# F-16 midair collision



## sunny91 (Apr 29, 2005)

midair collision .

bye,

sunny91


----------



## the lancaster kicks ass (Apr 30, 2005)

wow i totally don't get most of that...........


----------



## evangilder (Apr 30, 2005)

There is a camera in the HUD that records what is going on that is linked with the Flight Voice Recorders. So it sounded like the pilot got out, but the recorder kept going.


----------



## the lancaster kicks ass (Apr 30, 2005)

yes i know that it's just that i didn't see annother plane or any reason he had to bale out or nothing..........


----------



## evangilder (Apr 30, 2005)

Looks like he got hit from underneath, or behind. Didn't look like a big bump though.


----------



## Royzee617 (May 1, 2005)

I thought we weren't going to post crash videos on this site....?
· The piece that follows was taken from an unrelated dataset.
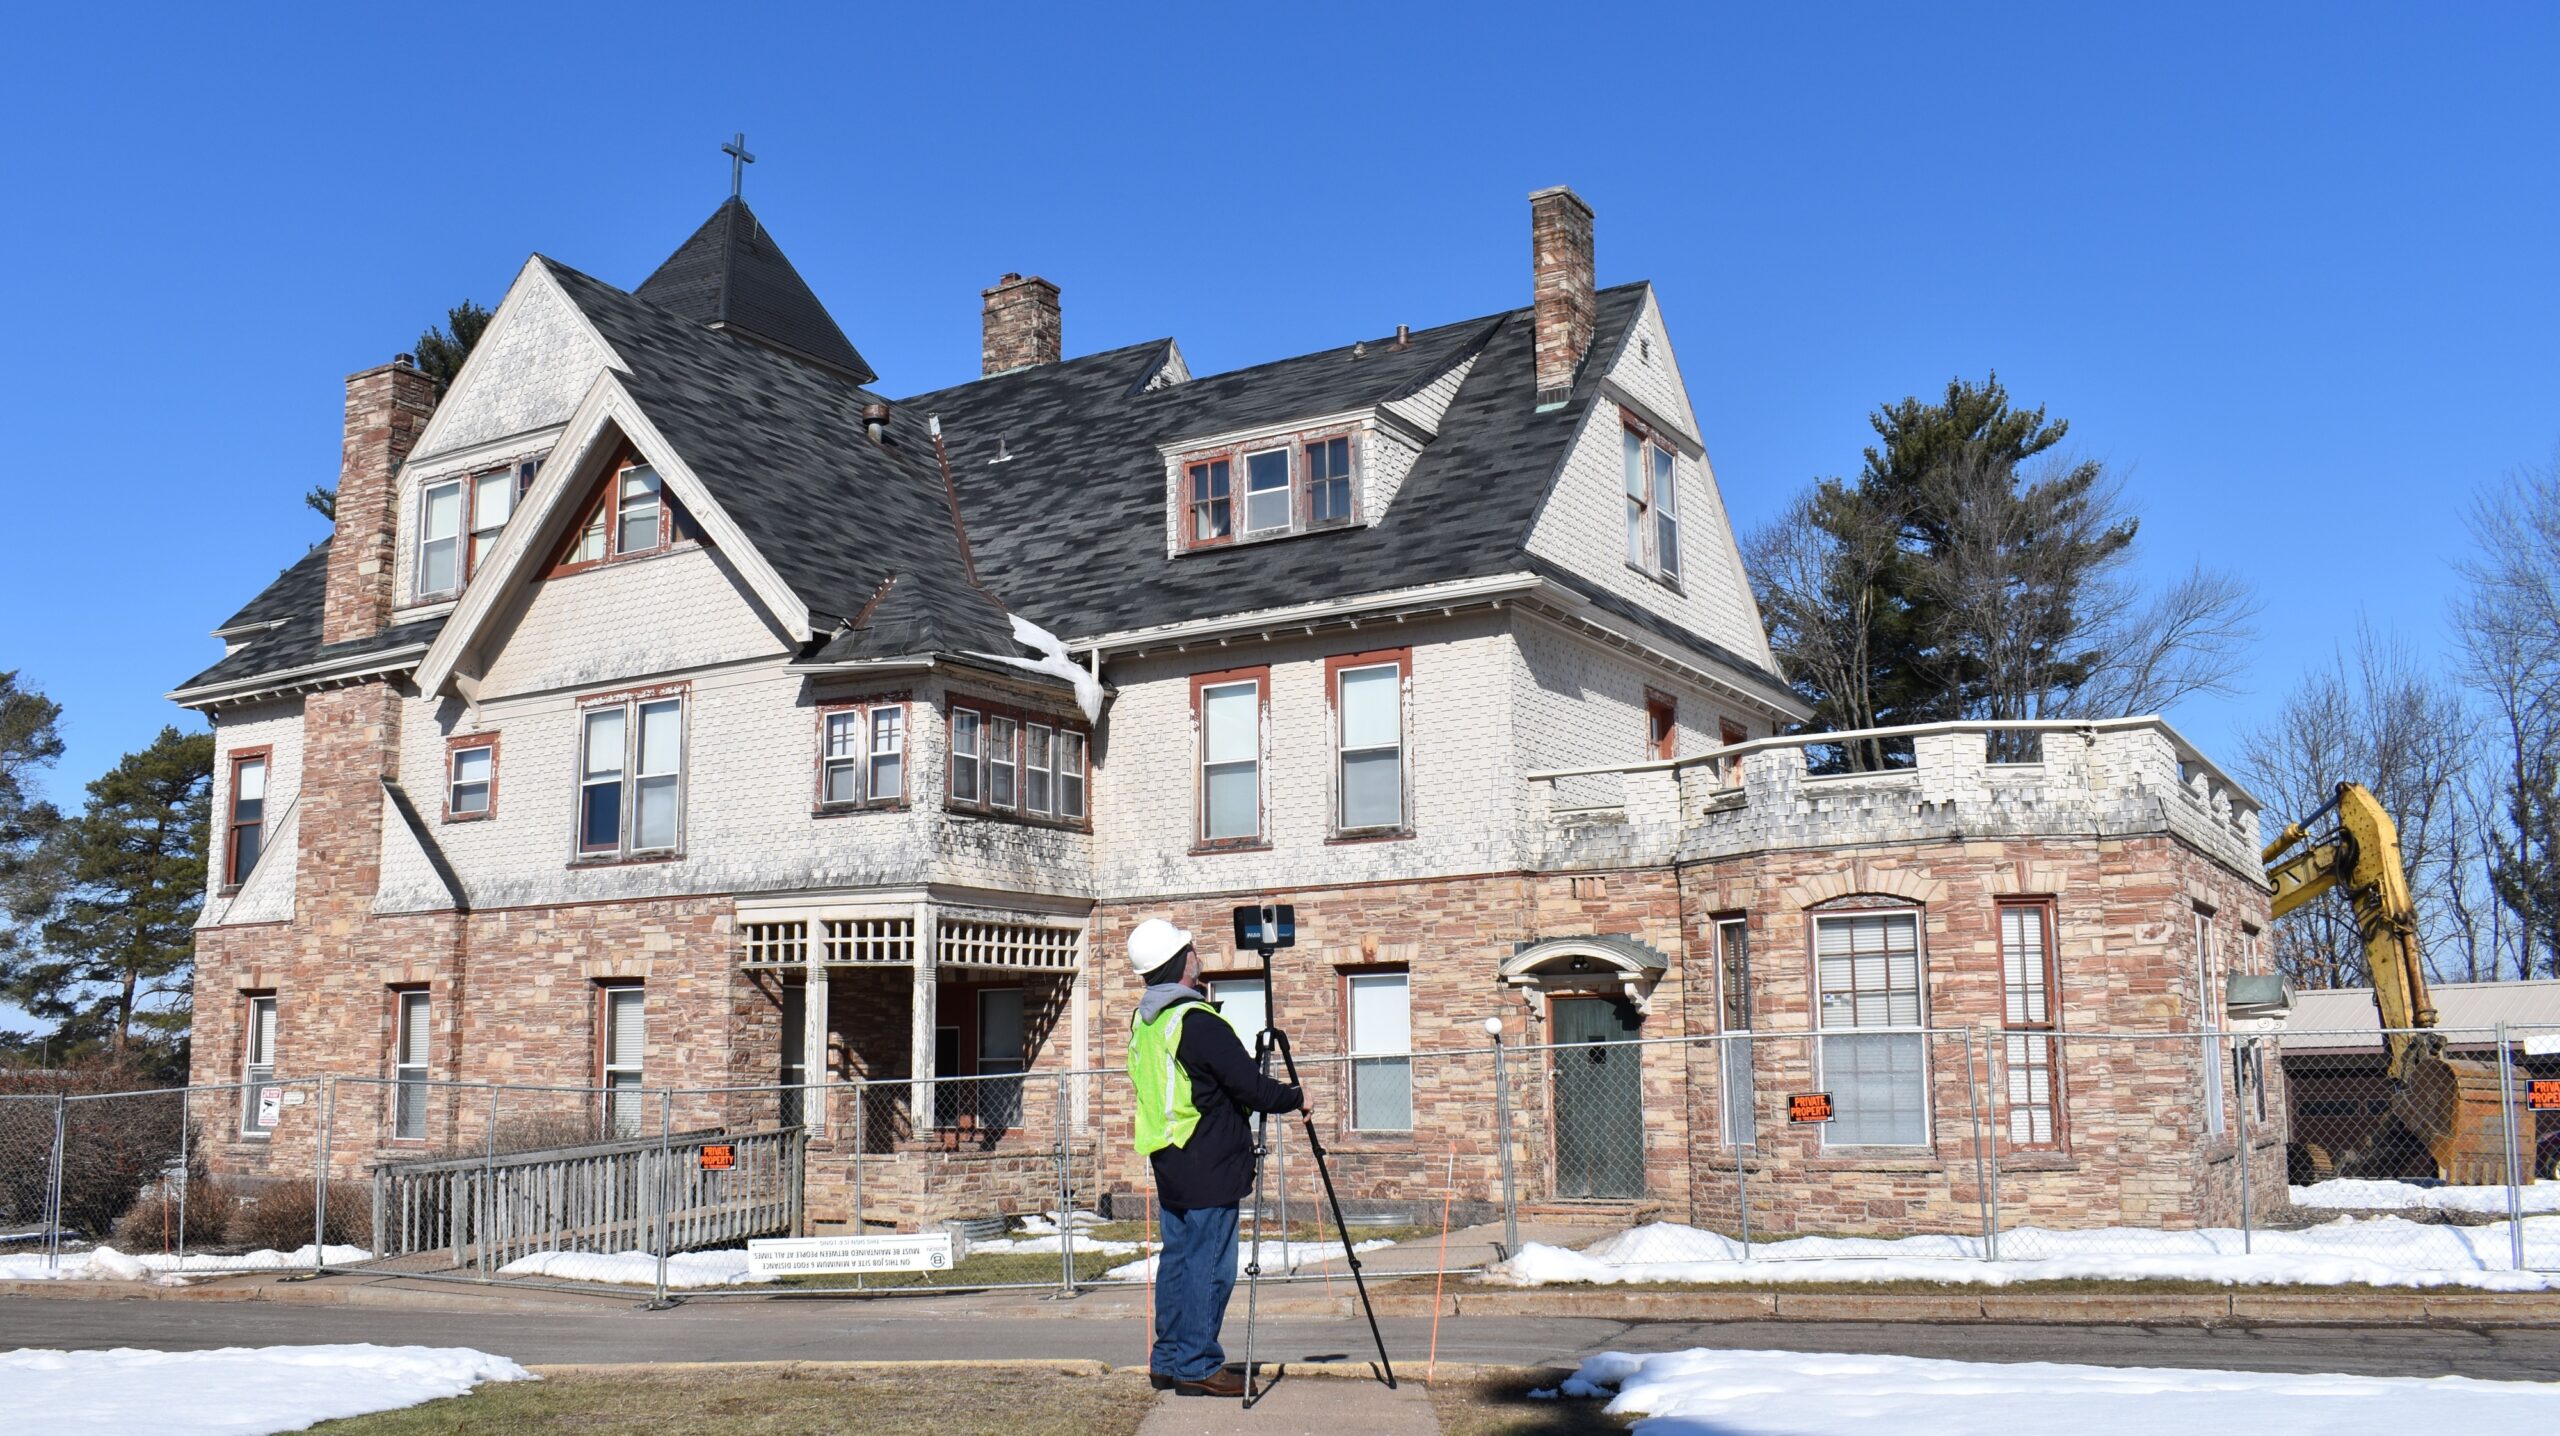 3D Scans Will Allow Historic Building Slated For Demolition To Be Rebuilt In Virtual Reality

There are plenty of such vids around the web if you care to search - I personally am reluctant to post owt which is 'sensationalist' involving possible fatal crashes. Next thing you know we will be having the infamous B52 nosedive, but let's hope not.

I was in two minds whether to post the Harrier vid since it has the Kestrel losing it at the end... but I made sure that was a walkaway incident first.

Returning to the F16 vid... there are numerous vids on the web showing a member of the Thunderbirds pancaking thanks to a faulty gauge or setting on the altimeter... great video but let's not go there...


----------